UV Stabilizers and Antioxidants
Plastics exposed to sunlight would degrade quickly without UV stabilizers, and benzotriazole UV stabilizers (BUVSs) are the most widely used type. At least eight specific compounds in this class have been detected in the environment as plastics break down. Research in fish, which serve as models for neurotoxicity, shows these stabilizers affect brain function. Exposure to benzophenone-3, one of these UV-filtering chemicals, impaired learning and memory and reduced social behavior in adult zebrafish at relatively low concentrations. A related compound, benzophenone-1, reduced the number of dopamine-producing neurons in the brain in a dose-dependent pattern.

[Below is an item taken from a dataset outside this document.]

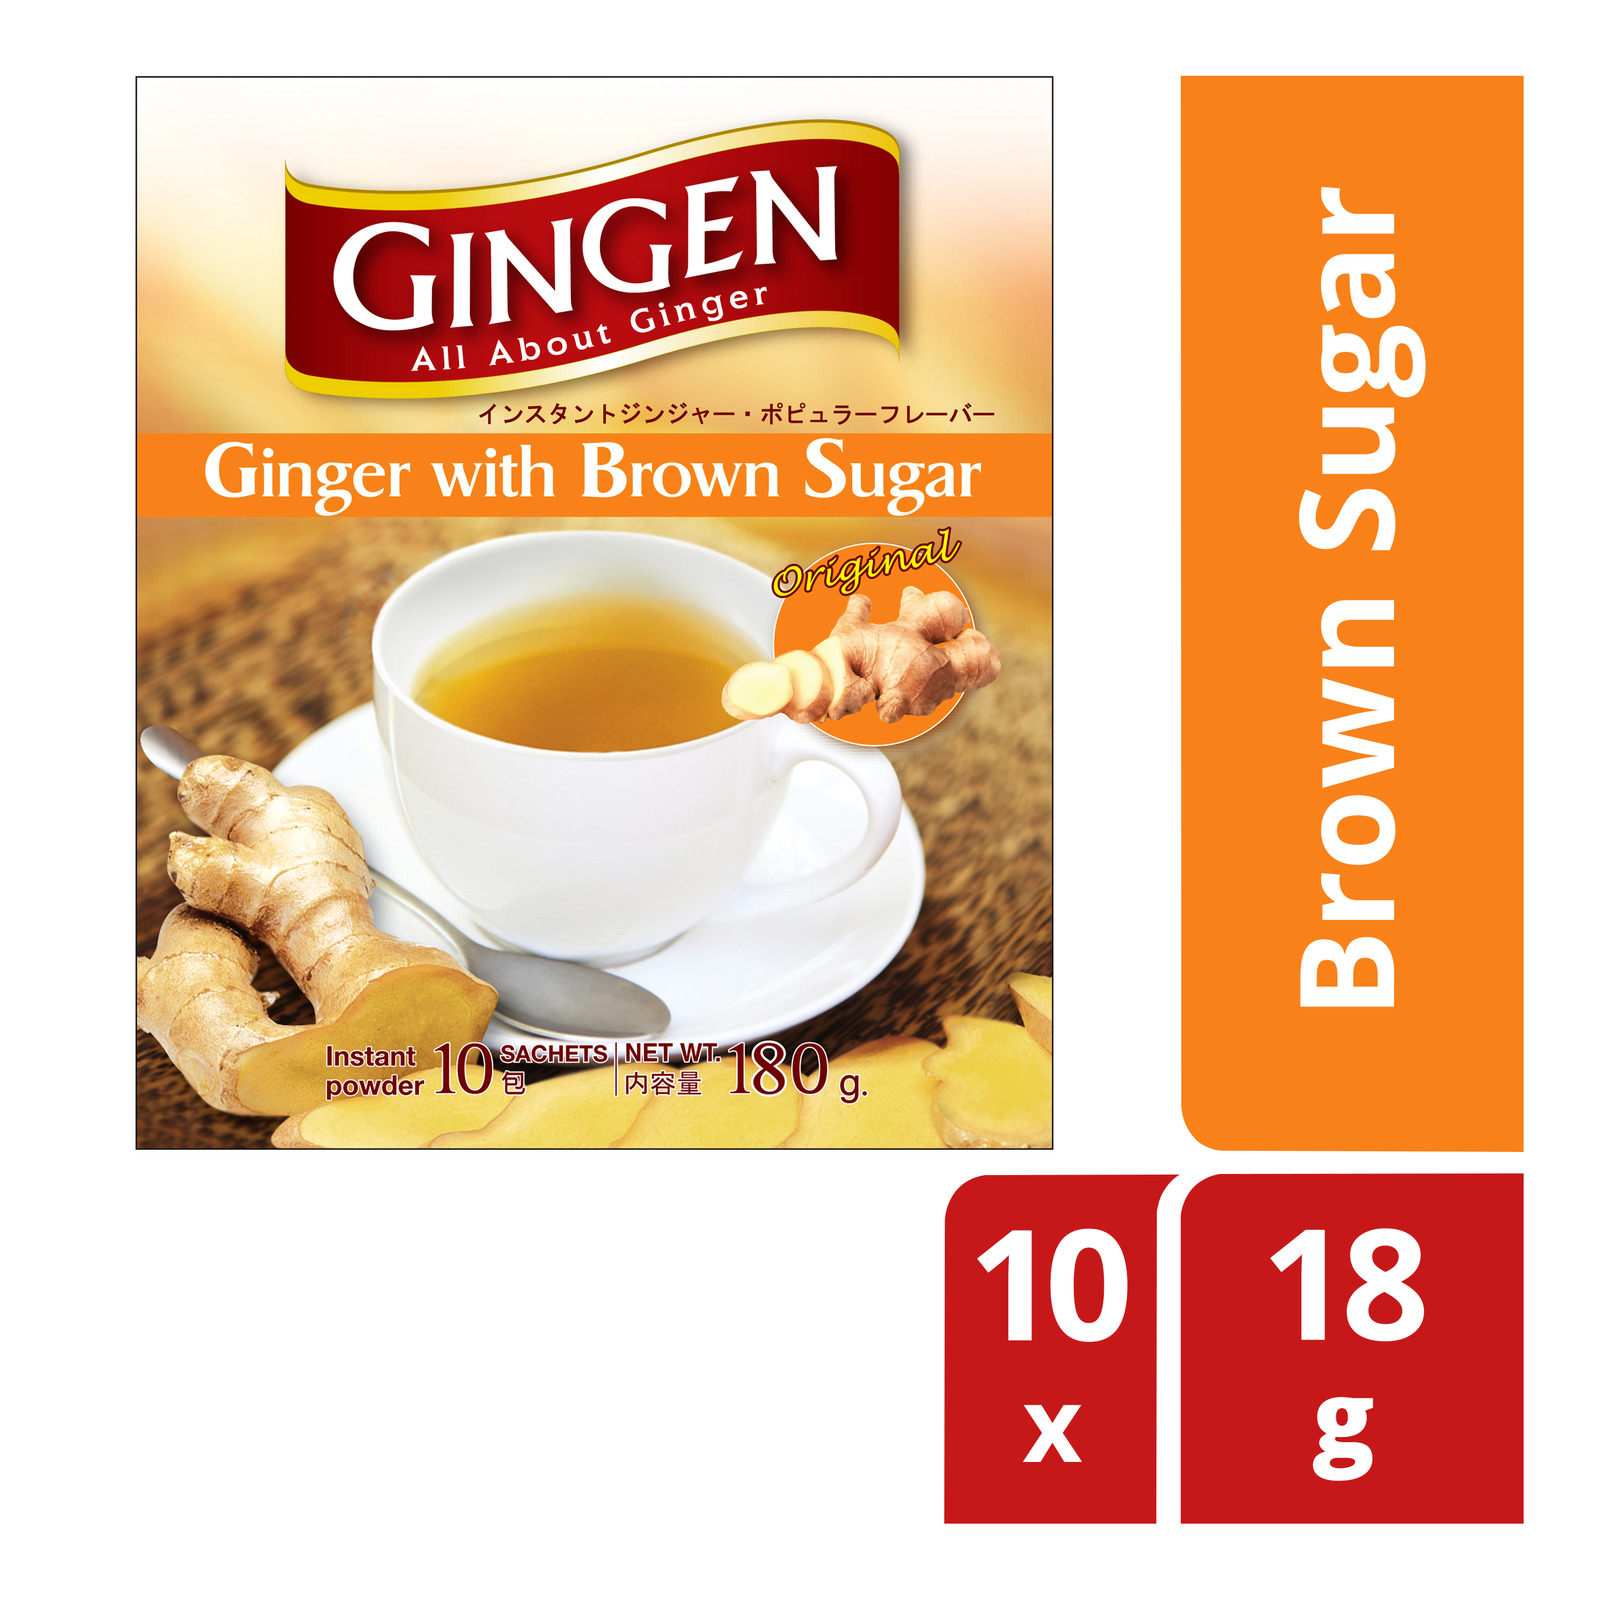 Gingen Instant Ginger Powder - Brown Sugar

While these studies use aquatic animals, the neurotoxic mechanisms they reveal (disrupted neuron development, impaired signaling between brain cells) raise questions about long-term human exposure, particularly as microplastics carrying these additives enter drinking water and food.

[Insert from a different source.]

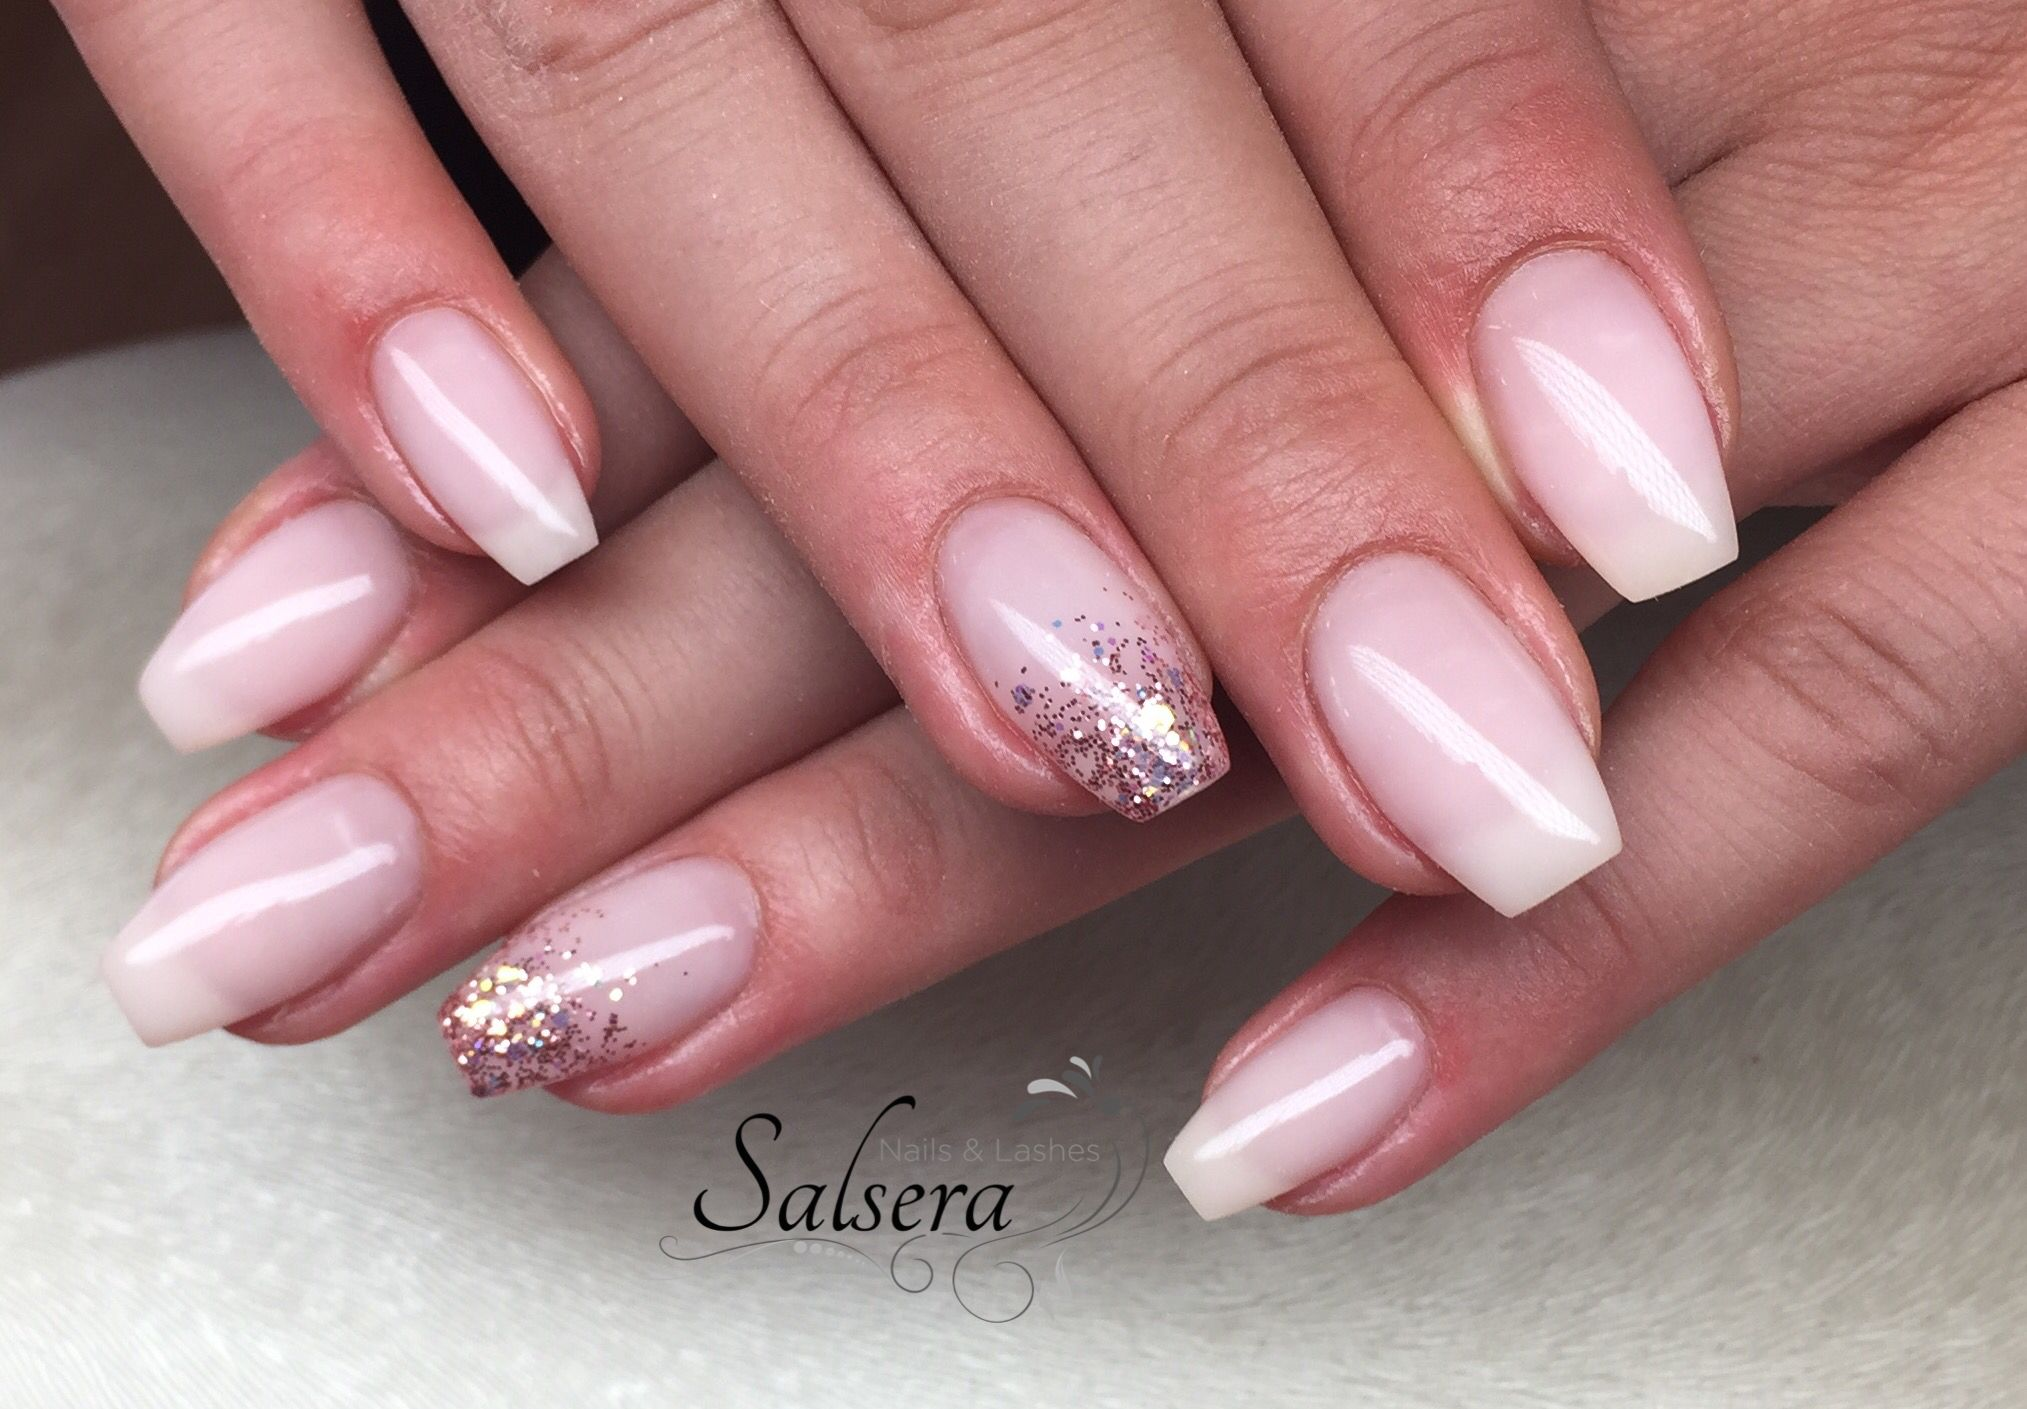 Ballerina Nails Nageldesign Gelnails Rose Milky Glitter Salsera

How Chemicals Escape From Plastic
Three main factors accelerate chemical leaching: heat, acidity, and time. Temperature has the greatest effect on migration of chemicals like DEHP. In controlled testing, researchers stored acidic liquids in PET and HDPE bottles at refrigerator temperature (4 to 6°C), room temperature (25°C), and high heat (50°C) for up to six months. Migration rates increased consistently with temperature, which is why microwaving food in plastic containers or leaving water bottles in a hot car significantly increases your chemical exposure.
Acidity matters too. Phthalates like DEP and DBP degrade more than 20% through hydrolysis under acidic and high-temperature conditions. Liquids with a pH of 3 or below (think lemon juice, vinegar, or carbonated drinks) pull chemicals from plastic faster than neutral liquids. The longer food or liquid stays in contact with plastic, the more chemicals accumulate, making storage duration a third important factor.
The Recycling Problem
Recycled plastics can contain chemicals that have been banned for decades. When old electronics, toys, and packaging enter the recycling stream, the chemicals they contain get blended into new products. Researchers have found legacy flame retardants, plasticizers, and biocides in recycled consumer goods purchased at retail stores in the U.S., including paper products, children’s toys, and food contact materials.

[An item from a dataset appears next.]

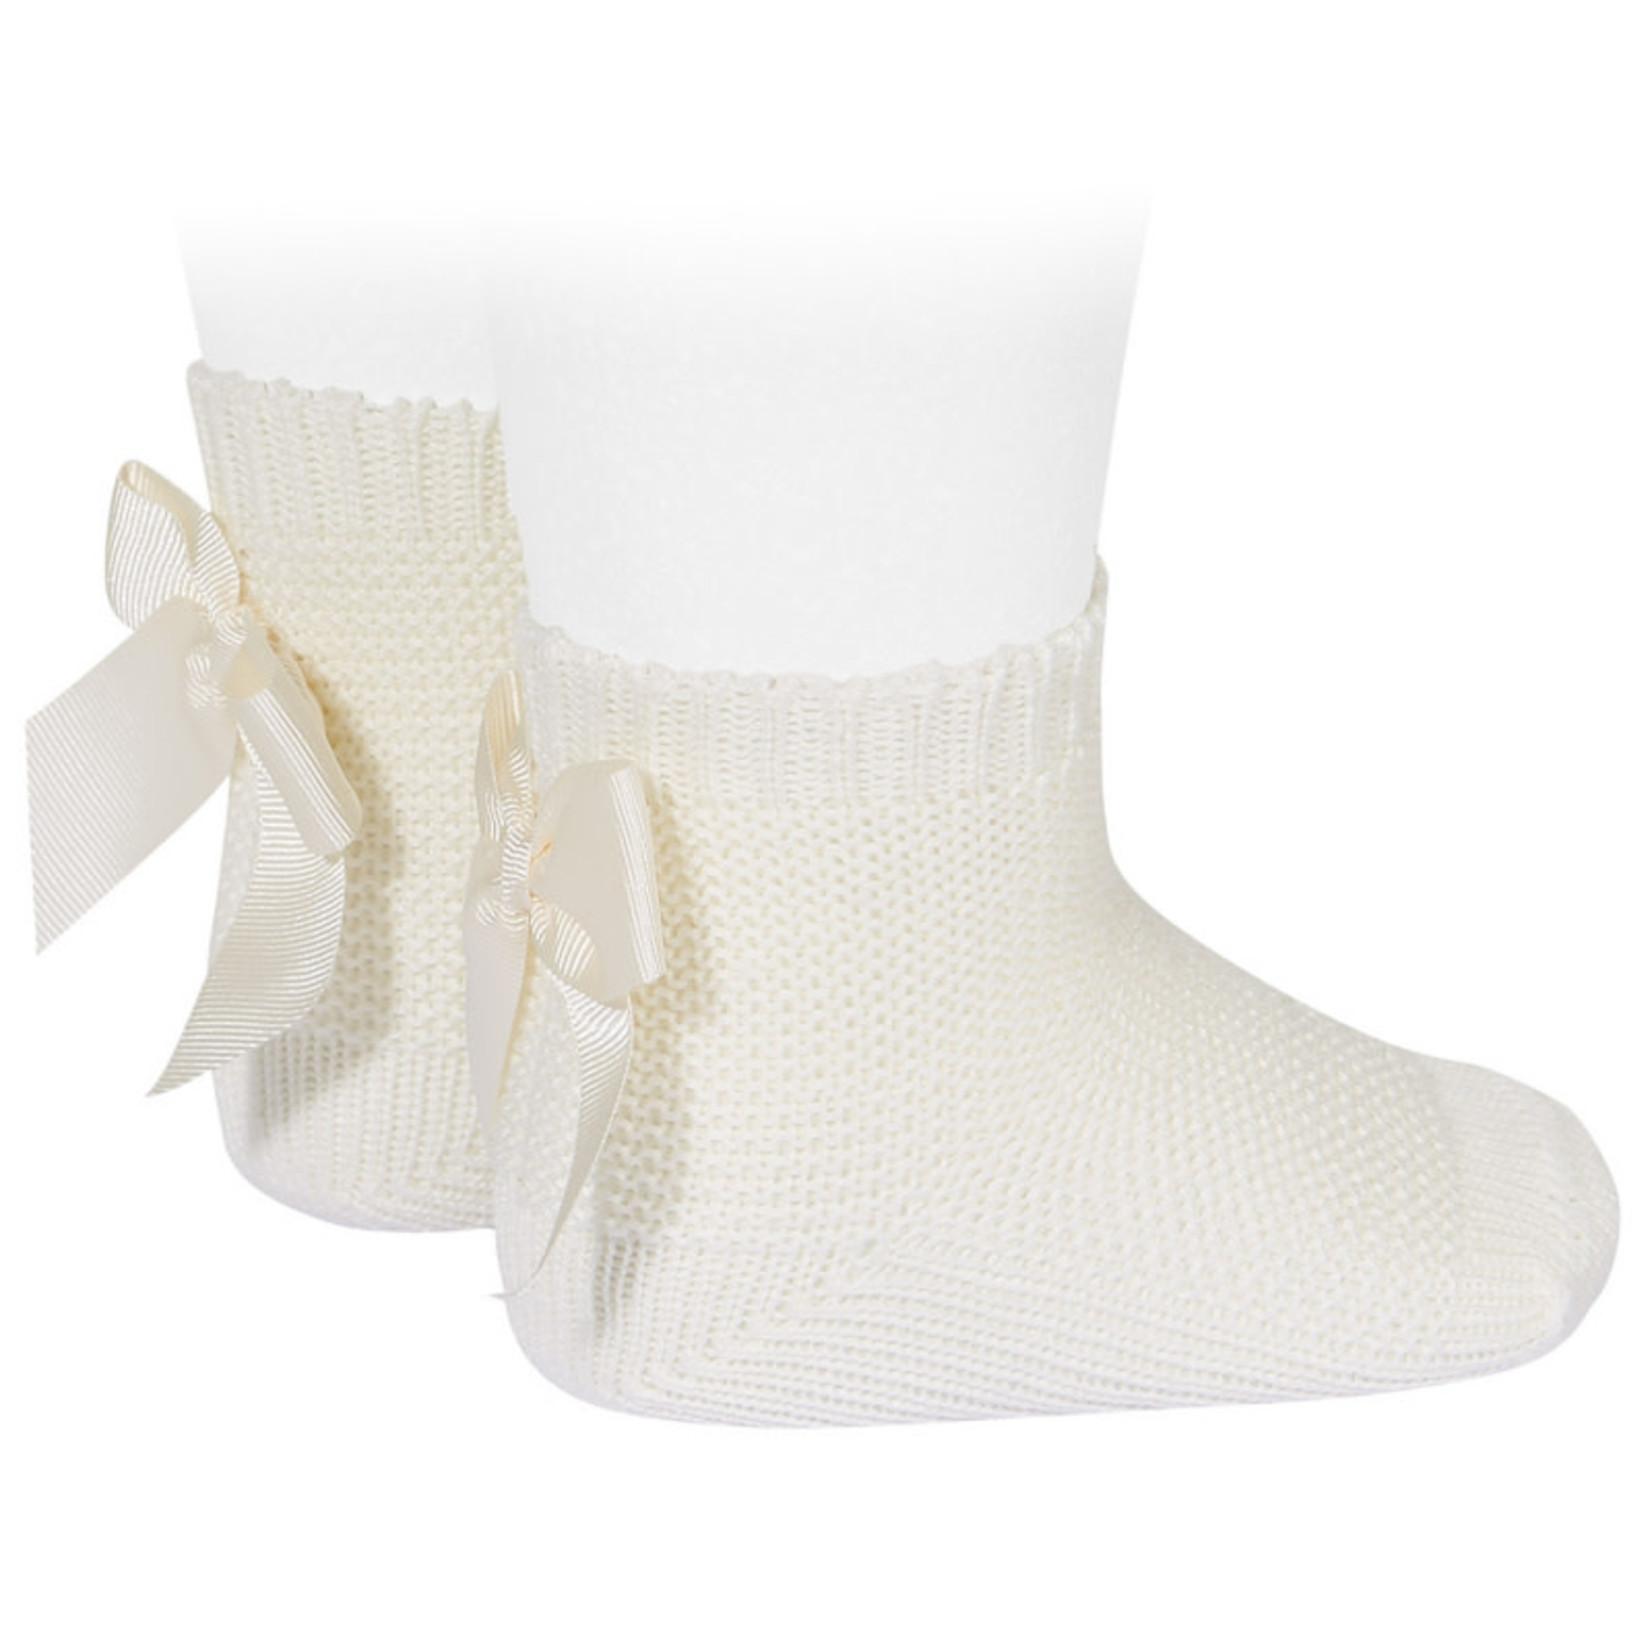 Condor Socks Open b/Bow - Creme

This creates a paradox: recycling reduces plastic waste, but it also circulates toxic chemicals that would otherwise exit use. A product made from recycled plastic may contain a more complex chemical cocktail than one made from virgin material, because it carries the additive history of multiple previous products mixed together. There is currently no standardized screening that catches all of these legacy contaminants before recycled plastic becomes a new consumer product.
Microplastics as Chemical Carriers
As plastic breaks down into tiny fragments, those microplastics don’t just carry their original additives. They also absorb pollutants from the surrounding environment. The more weathered and aged a piece of plastic becomes, the more its surface area increases and the more contaminants it can pick up. Hydrophobic pollutants (those that repel water) are especially attracted to plastic surfaces, concentrating on microplastic particles at levels far higher than in the surrounding water or soil.
PFAS molecules, pesticides, and other persistent organic pollutants all adsorb onto microplastic surfaces through these mechanisms. When you ingest microplastics through food, water, or even breathing, you’re potentially taking in a concentrated package of both the plastic’s original chemicals and whatever environmental contaminants hitched a ride.